*** Supplied material ***

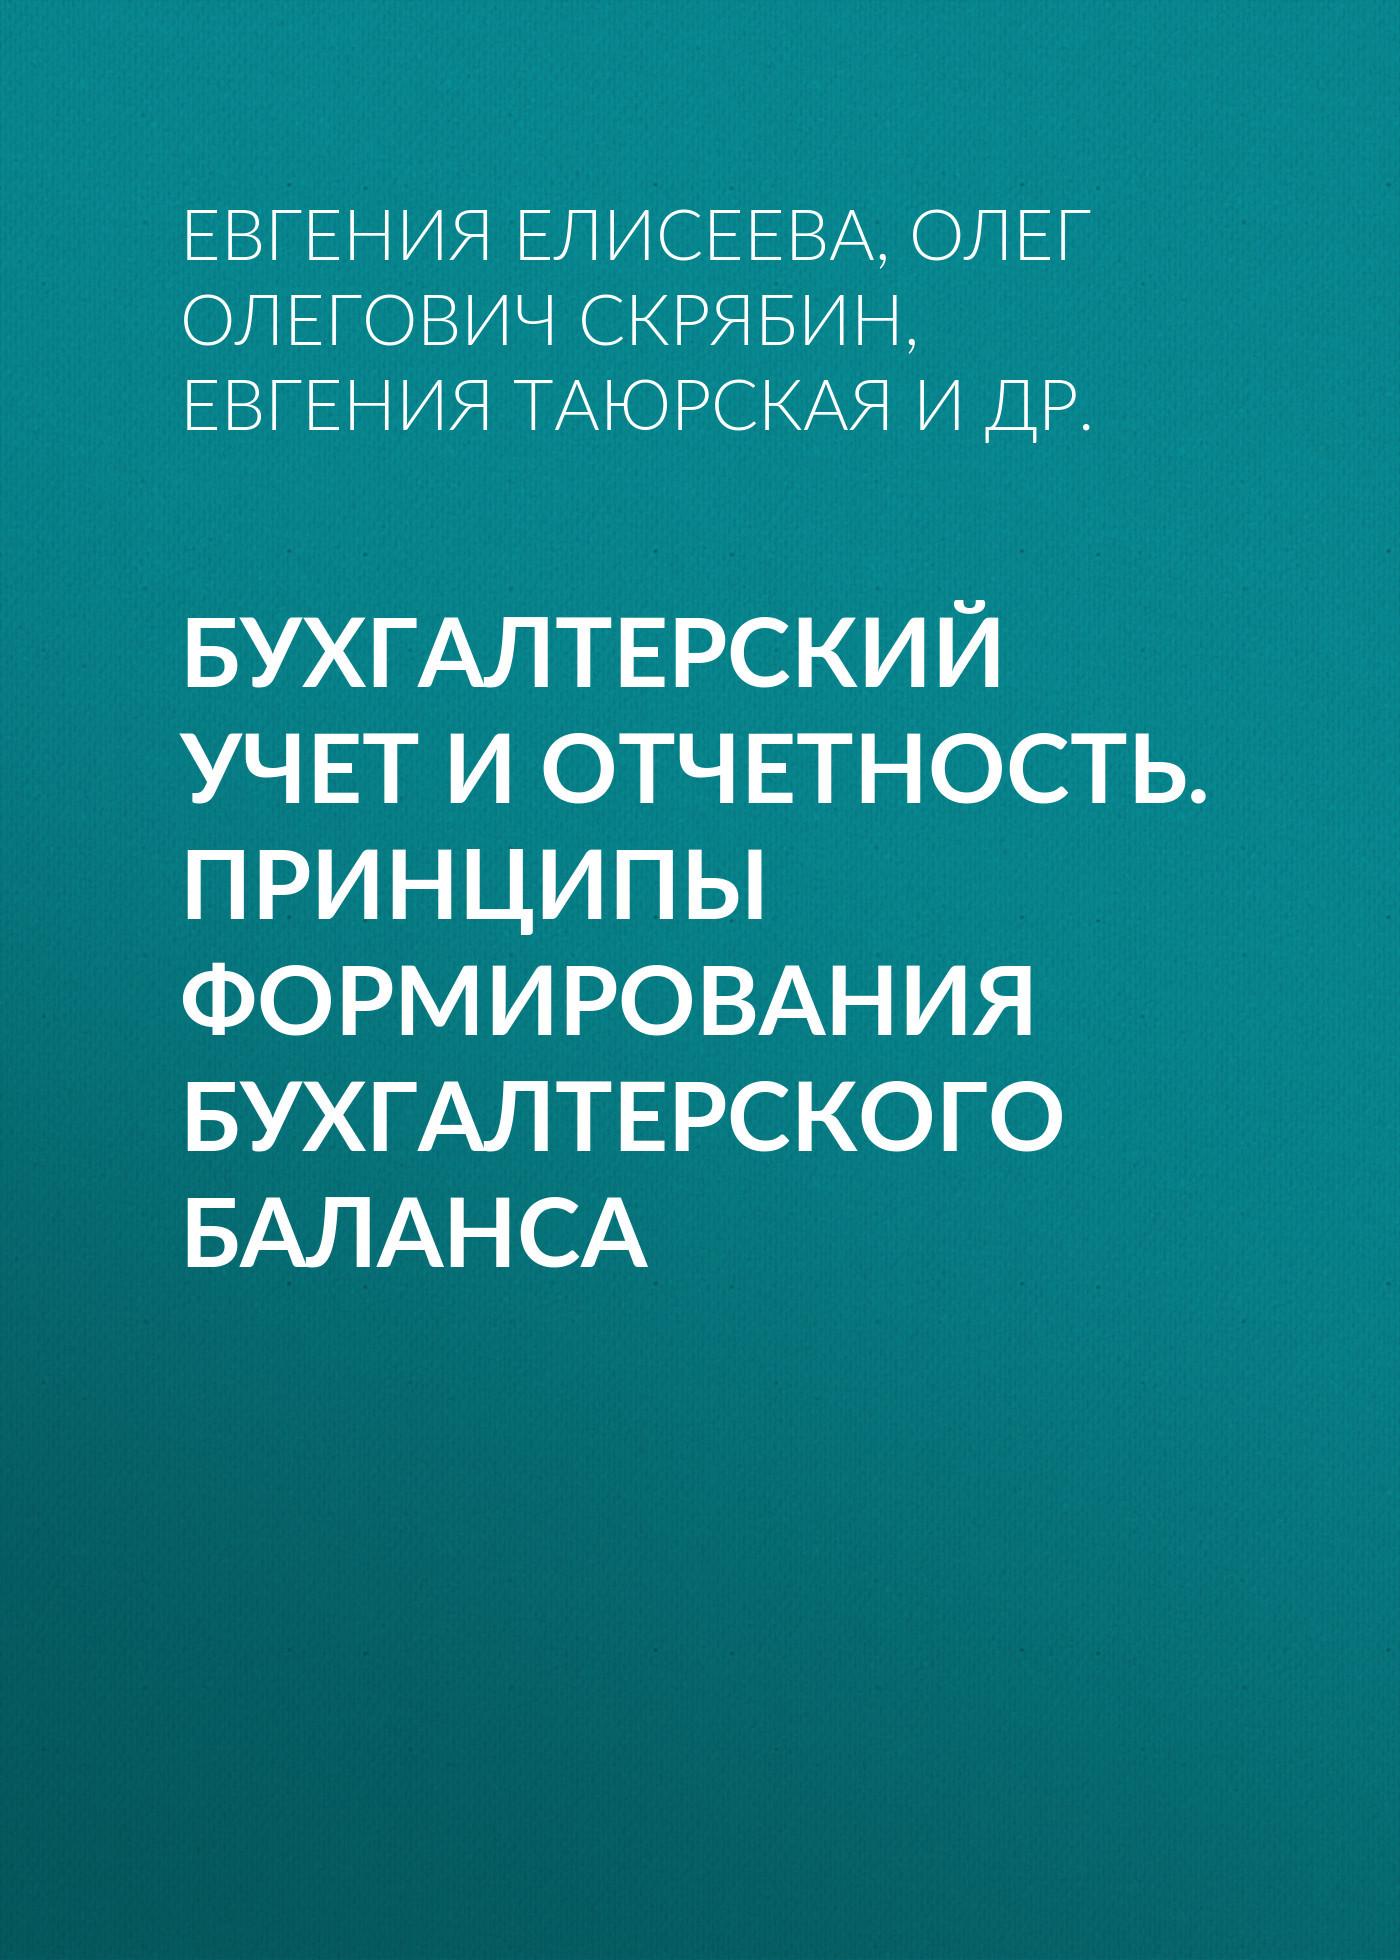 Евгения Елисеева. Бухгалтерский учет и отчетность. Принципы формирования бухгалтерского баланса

*** End of Supplied material ***
*** Supplied material ***

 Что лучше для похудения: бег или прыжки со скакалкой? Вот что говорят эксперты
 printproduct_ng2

*** End of Supplied material ***
*** Supplied material ***

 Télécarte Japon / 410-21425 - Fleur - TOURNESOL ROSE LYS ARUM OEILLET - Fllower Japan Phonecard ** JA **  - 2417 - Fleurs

*** End of Supplied material ***

Transcribe, exactly and without additions, the lines of the records above, beginning with the line that contains "Что лучше для" and ending with the line that contains "printproduct_ng2", both included.

◆ Completed exercise:
 Что лучше для похудения: бег или прыжки со скакалкой? Вот что говорят эксперты
 printproduct_ng2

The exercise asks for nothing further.